The breakdown by country of the fully exempt European Tour players for 2015. The graphic does not include medical or career money exemptions.

Irish golf will have six players with full European Tour cards for the 2015 season which begins in Sun City this week. With Rory McIlroy, Graeme McDowell, Darren Clarke and Pádraig Harrington boasting nine major wins between them, it would seem cherish to suggest that we are not pulling our weight. And yet beyond the doors of the VIP lounge occupied by these superstars there are a lot of struggling professional golfers.

Yes, players like Paul McGinley, Gareth Maybin, Peter Lawrie, Simon Thornton and Kevin Phelan will get starts in 2015, but the short term future is unclear.

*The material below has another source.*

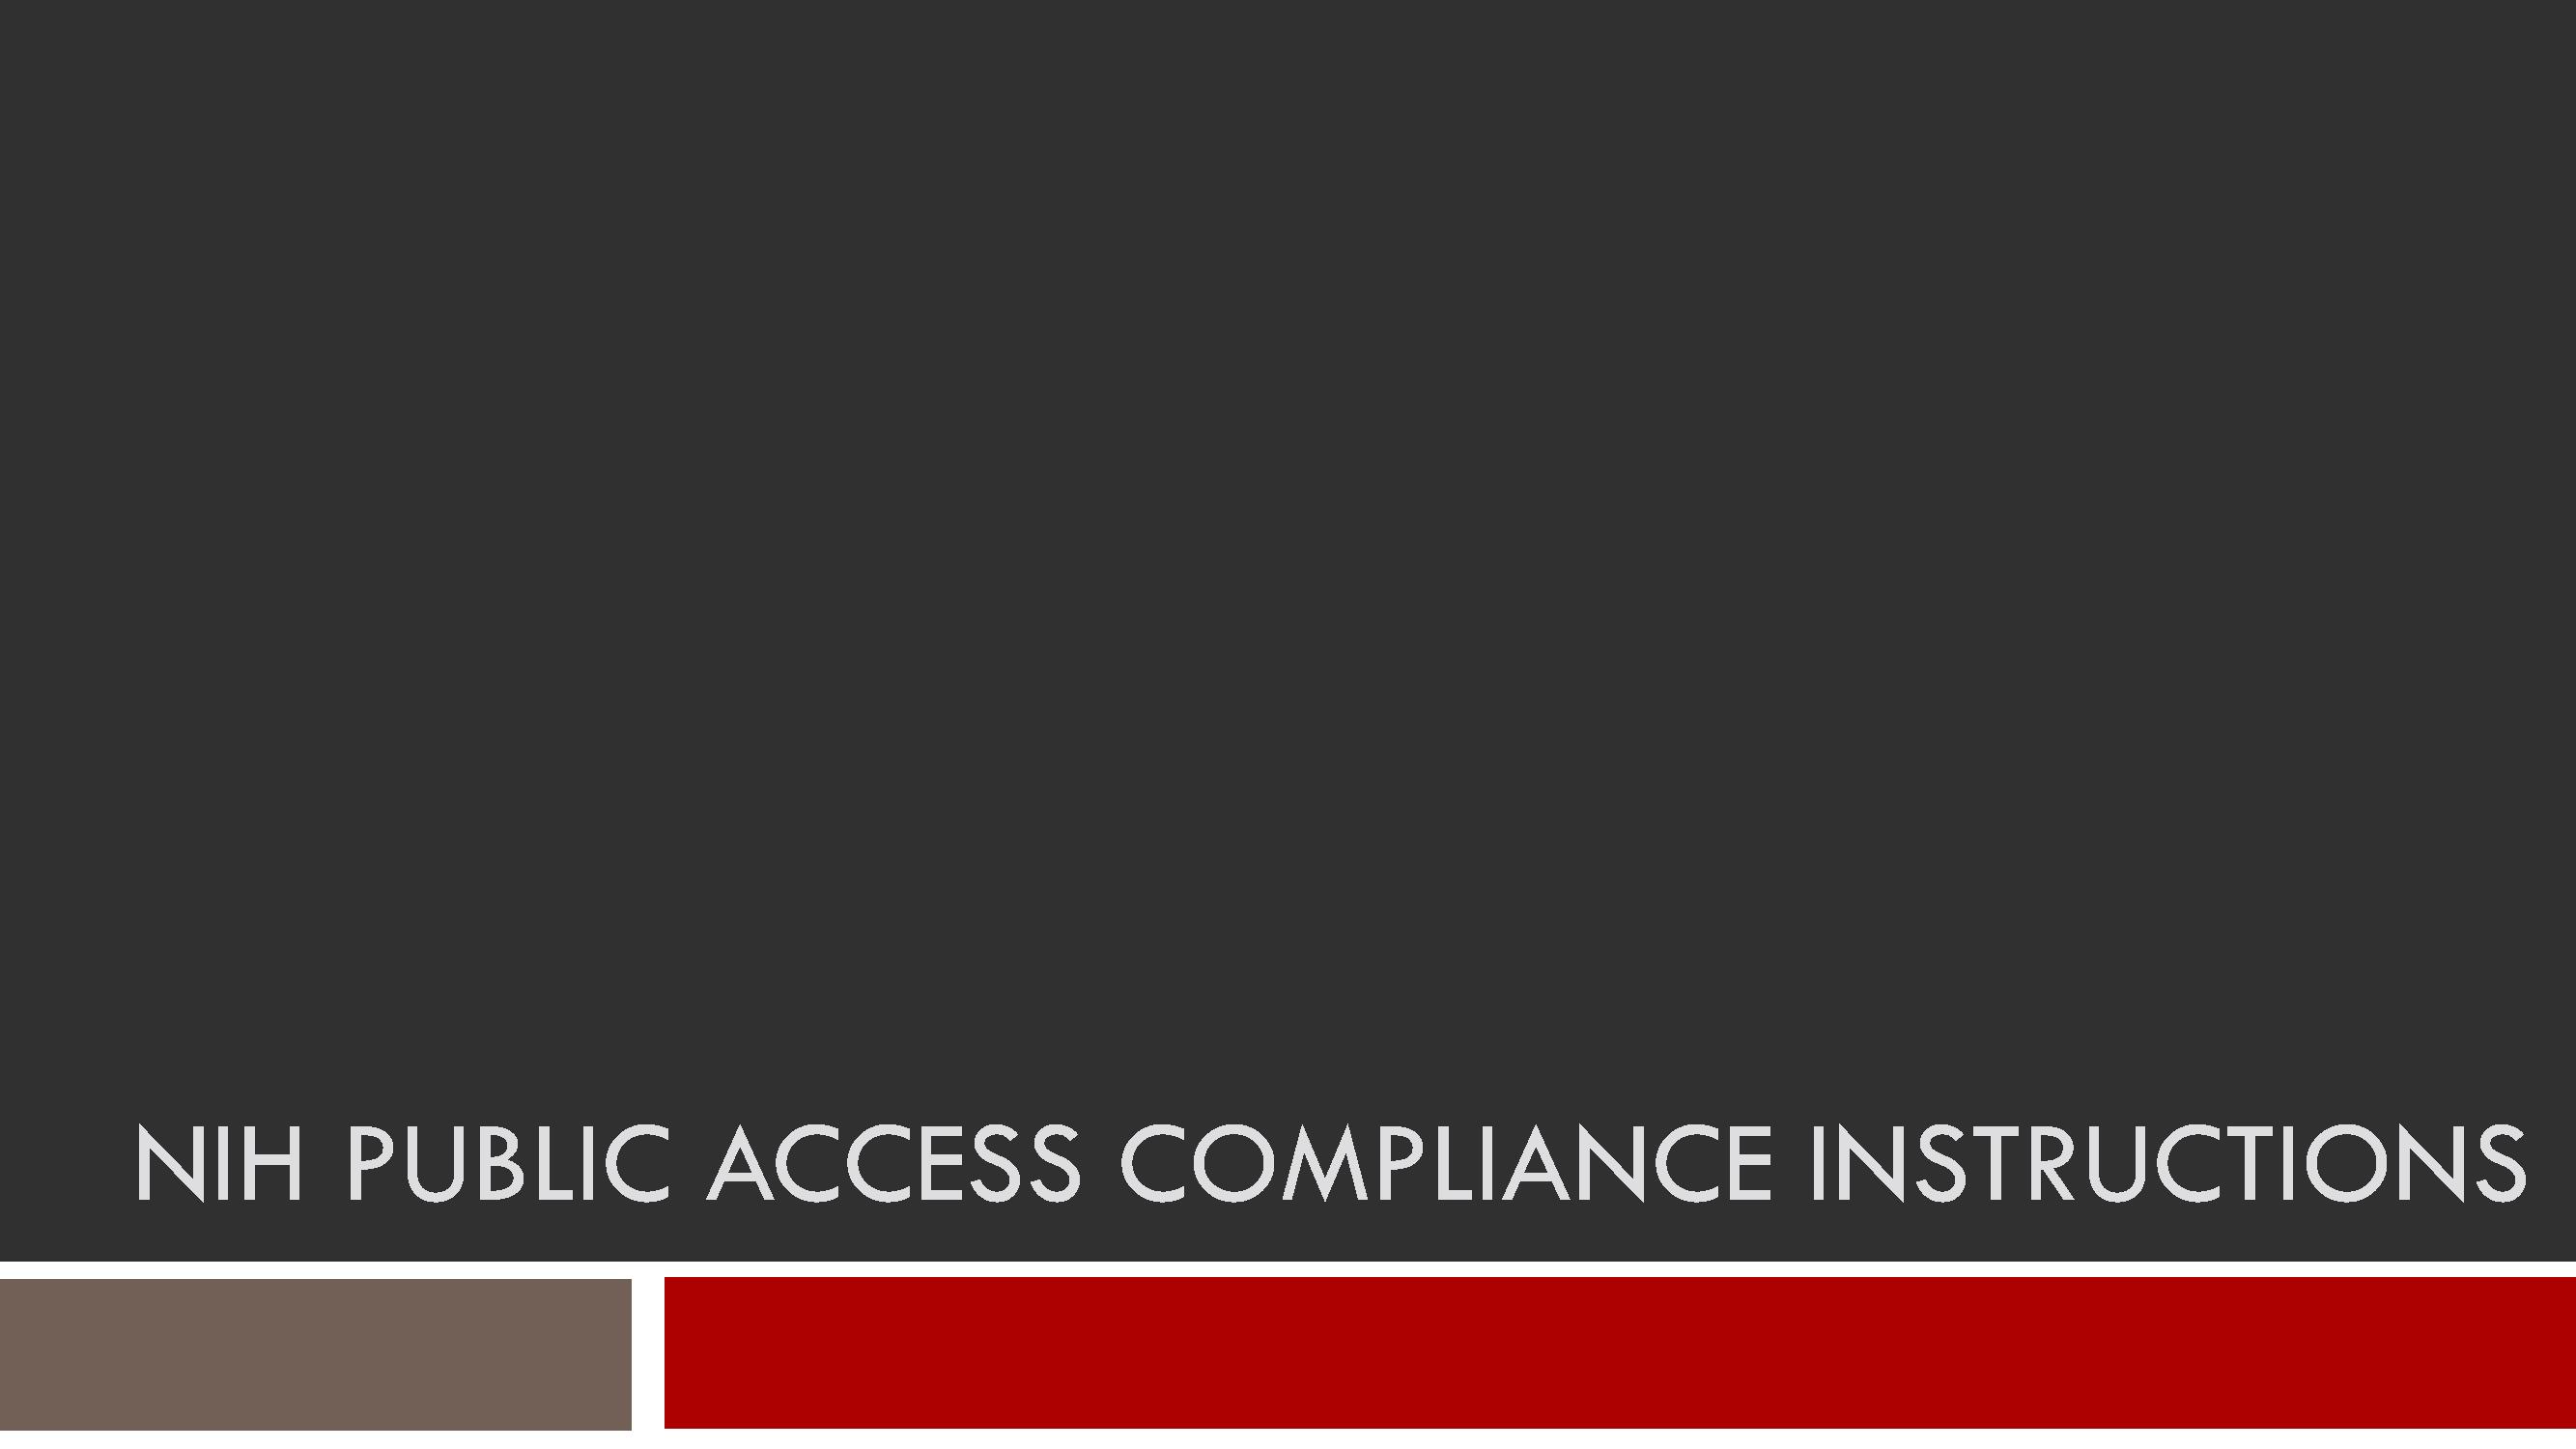 Presentation: NIH Public Access Compliance Instructions

Alan Dunbar, Paul Cutler, Brendan McCarroll, Brian Casey, Reeve Whitson, Rory McNamara and Jonny Caldwell have all won big events as amateurs and now need to step up as pros while others such as Mick McGeady and Colm Moriarty have so far failed to push on from their early successes on the Challenge Tour.

But with no Irish players emerging from the Qualifying School or the Challenge Tour this year, we must look to West Waterford's Seamus Power on the Web.com Tour and Niall Turner on the Asian Tour for success stories outside the Europe.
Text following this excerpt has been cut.